Posted: Wed Apr 03, 2013 6:56 am Post subject: Hood Technology’s Launchers Send UAVs into NOAA’s Domain
The National Oceanic and Atmospheric Administration (NOAA) is testing the UAV that uses Hood Technology’s launchers to become airborne.
Hood River, Oregon, April 03, 2013 -- According to a Robotics Tomorrow article (http://roboticstomorrow.com/news/2013/03/26/groups-look-to-new-uas-uses-ponder-privacy-debate/21521) the National Oceanic and Atmospheric Administration (NOAA) is interested in using a range of UAVs once they can fly in United States airspace, permitted by the Federal Aviation Administration (FAA). In the meantime, NOAA is testing two popular small UAVs, one of which employs Hood Tech’s Superwedge launching system, or the newer and more powerful Mark 4 launcher. “Whichever launcher NOAA finally chooses, we will look forward to assuring that the launches are as flawless as possible”, said Cory Roeseler, Chief Engineer for Hood Tech Mechanical. “One of our competitive advantages is launching UAVs that don’t require a runway to become airborne or to land.”
When in 2002 Hood Tech began producing UAV launchers and innovative retrieval systems for small UAVs, those innovations enabled the elimination of runways for launch and retrieval. This freed aircraft for shipboard use, for deployment in irregular or disrupted landscapes, and for other difficult locations. Showing their ruggedness and reliability, Hood Tech launchers have initiated tens of thousands of flights under the extreme environments of combat in Iraq and Afghanistan and aboard ships in the oceans around the globe.

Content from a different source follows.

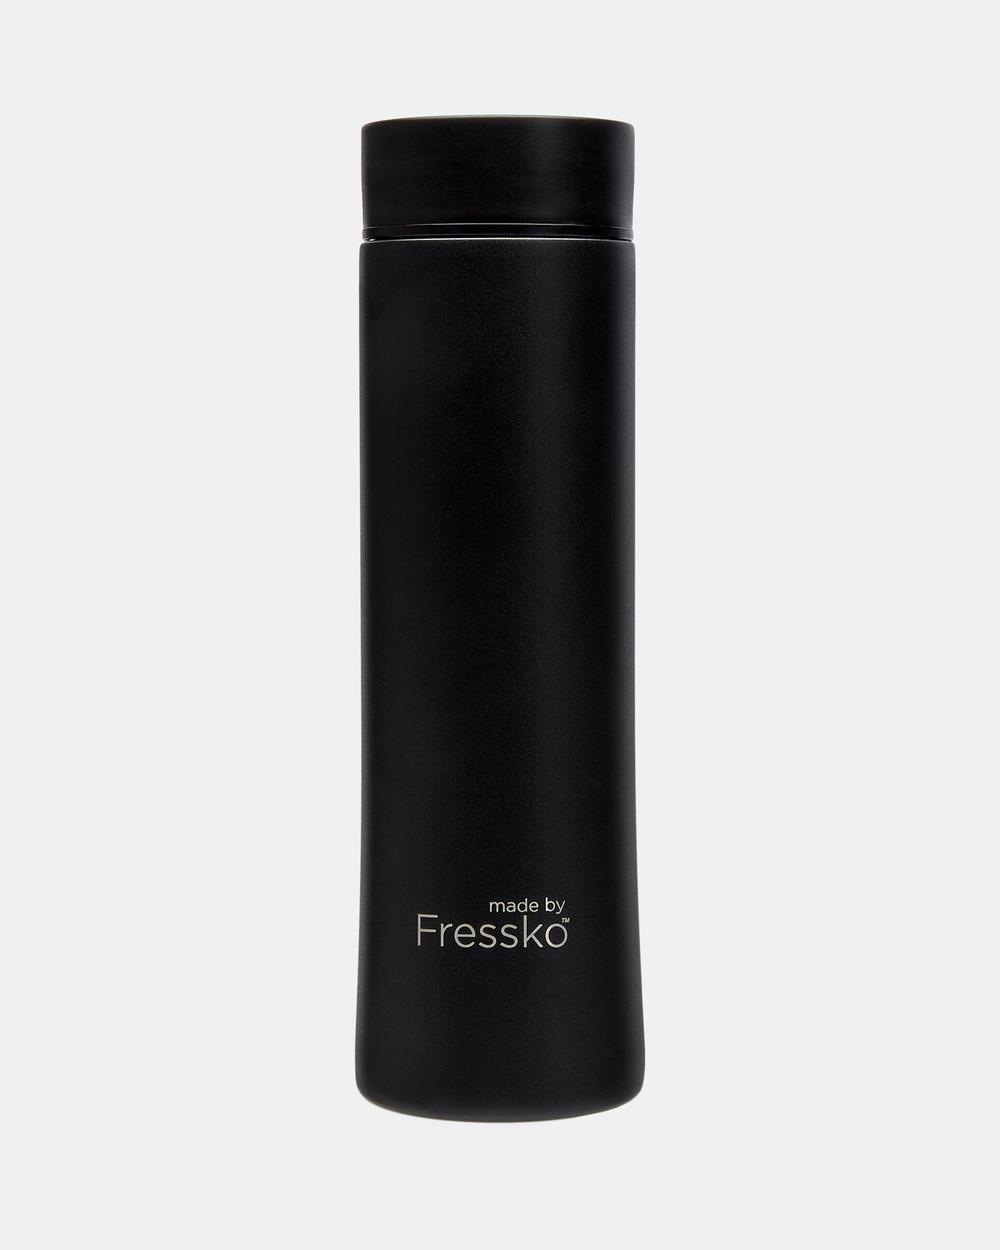 Fressko - MOVE 660ml Infuser Flask - Home (Black) MOVE 660ml Infuser Flask

Dr. Andy von Flotow founded Hood Technology in Hood River, Oregon in 1992. In addition to the design and manufacture of launch systems, Hood Technology:
Provides zip test services for pre-flight safety verification of experimental aircraft and components.
Owns and maintains a silent wind tunnel for measuring UAV engine and prop noise in accordance with MILSTD1474.
Develops, tests, and manufactures stabilized imaging systems for a variety of UAVs
Monitors blade vibrations in industrial turbines and jet engines, a diagnostic method for predicting possible future failures.